§ **About this task**: Transcribe nothing except the lines below that run from the one with "One bedroom +" to the one with "New Never worn", ends included, and do not copy any picture.

§ **Recorded information**:
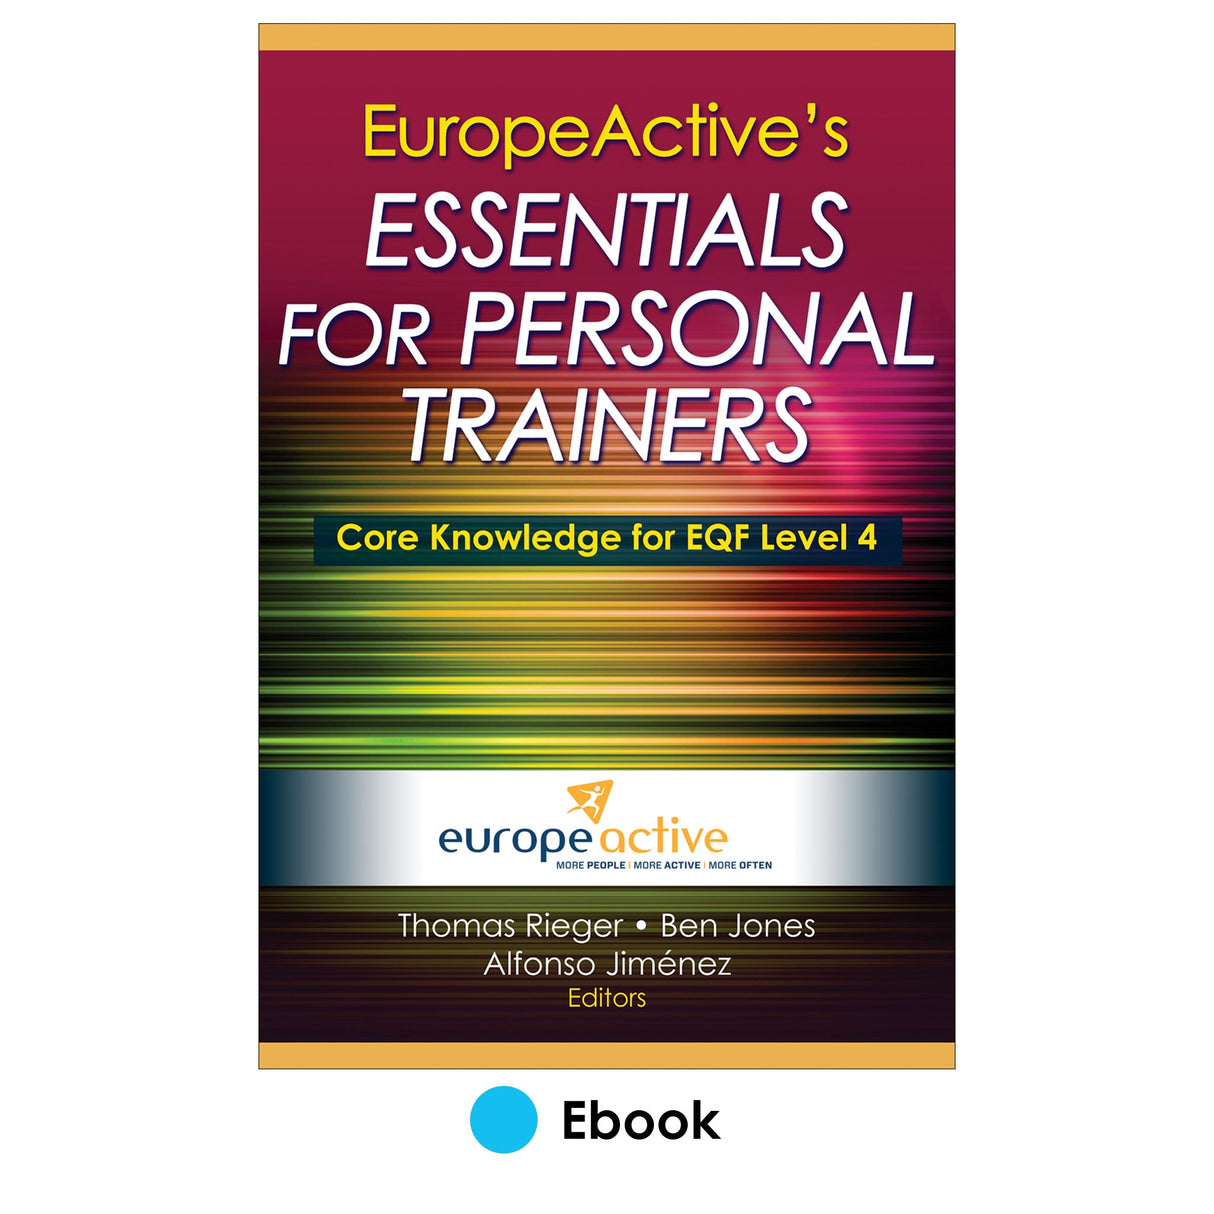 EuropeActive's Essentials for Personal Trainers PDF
--
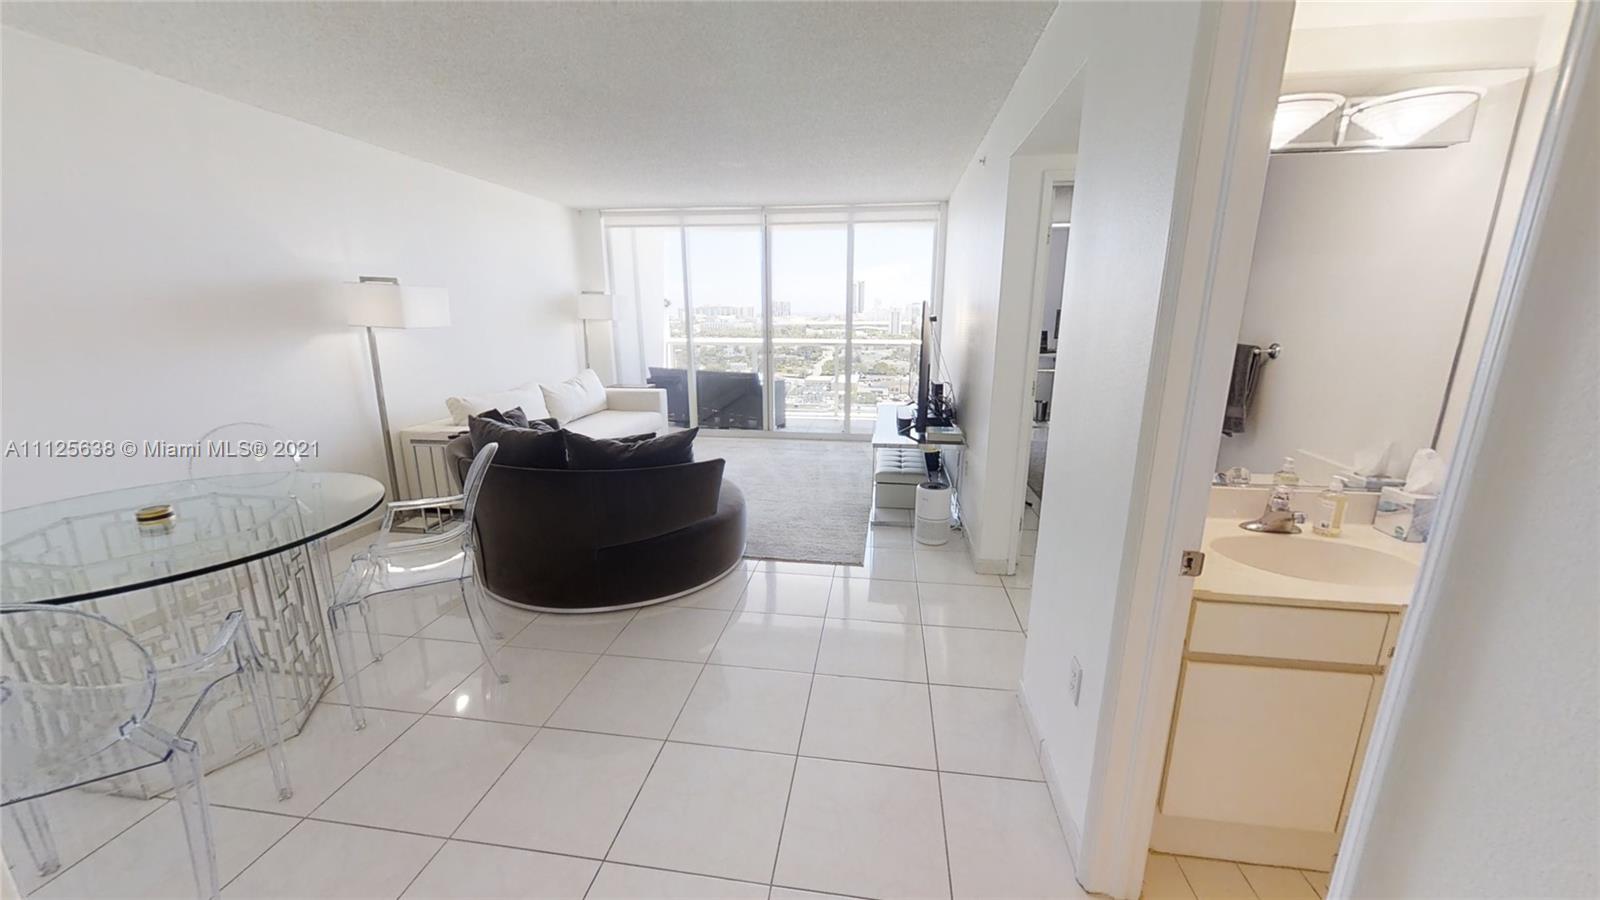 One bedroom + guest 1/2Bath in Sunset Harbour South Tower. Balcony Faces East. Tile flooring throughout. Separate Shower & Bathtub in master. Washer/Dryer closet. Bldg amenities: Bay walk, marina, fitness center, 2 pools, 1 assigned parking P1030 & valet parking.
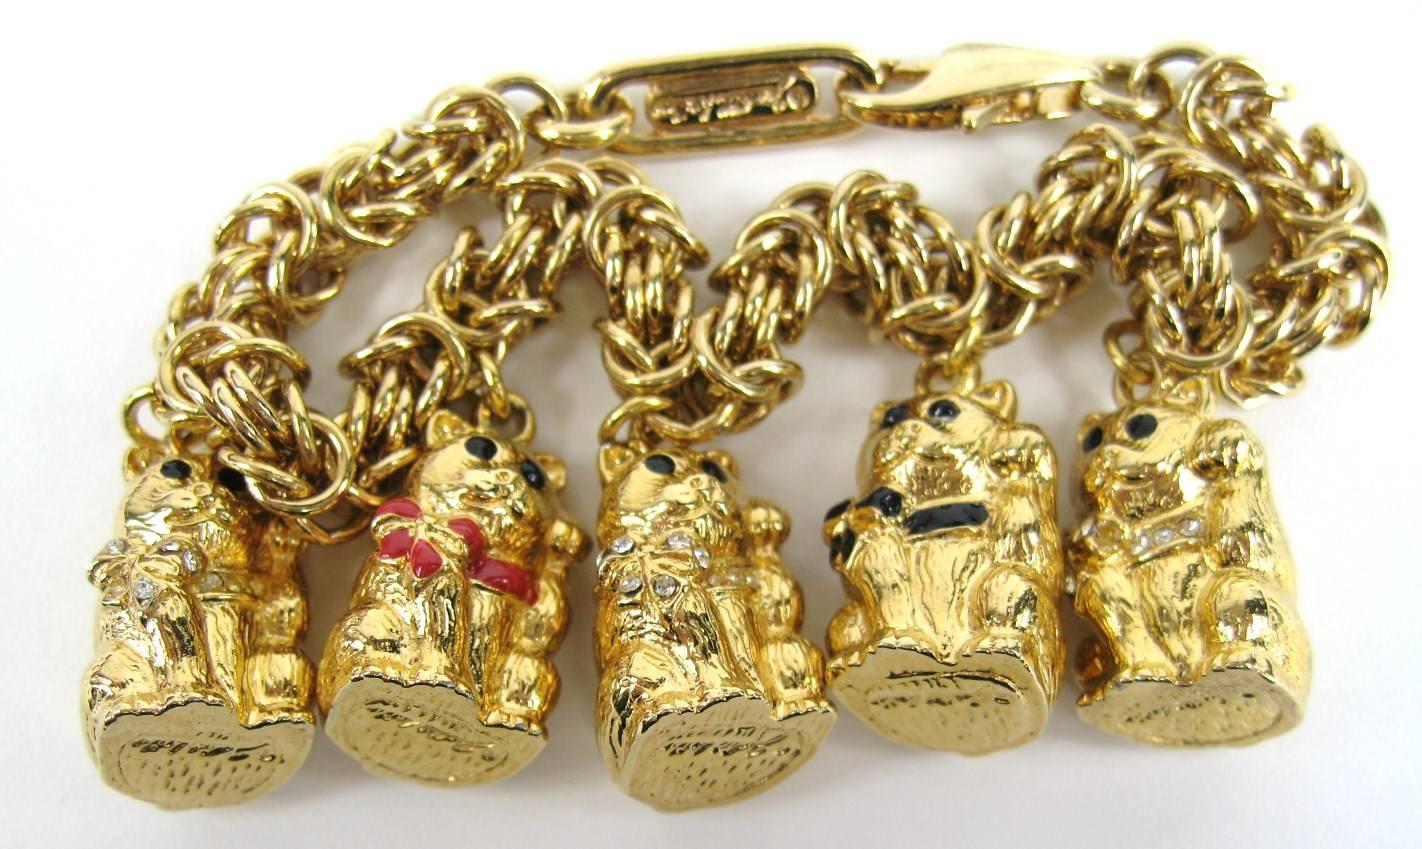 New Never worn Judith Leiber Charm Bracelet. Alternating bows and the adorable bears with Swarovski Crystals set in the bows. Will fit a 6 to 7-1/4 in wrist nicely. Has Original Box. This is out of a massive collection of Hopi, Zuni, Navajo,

§ **The completed task**:
 One bedroom + guest 1/2Bath in Sunset Harbour South Tower. Balcony Faces East. Tile flooring throughout. Separate Shower & Bathtub in master. Washer/Dryer closet. Bldg amenities: Bay walk, marina, fitness center, 2 pools, 1 assigned parking P1030 & valet parking.
 New Never worn Judith Leiber Charm Bracelet. Alternating bows and the adorable bears with Swarovski Crystals set in the bows. Will fit a 6 to 7-1/4 in wrist nicely. Has Original Box. This is out of a massive collection of Hopi, Zuni, Navajo,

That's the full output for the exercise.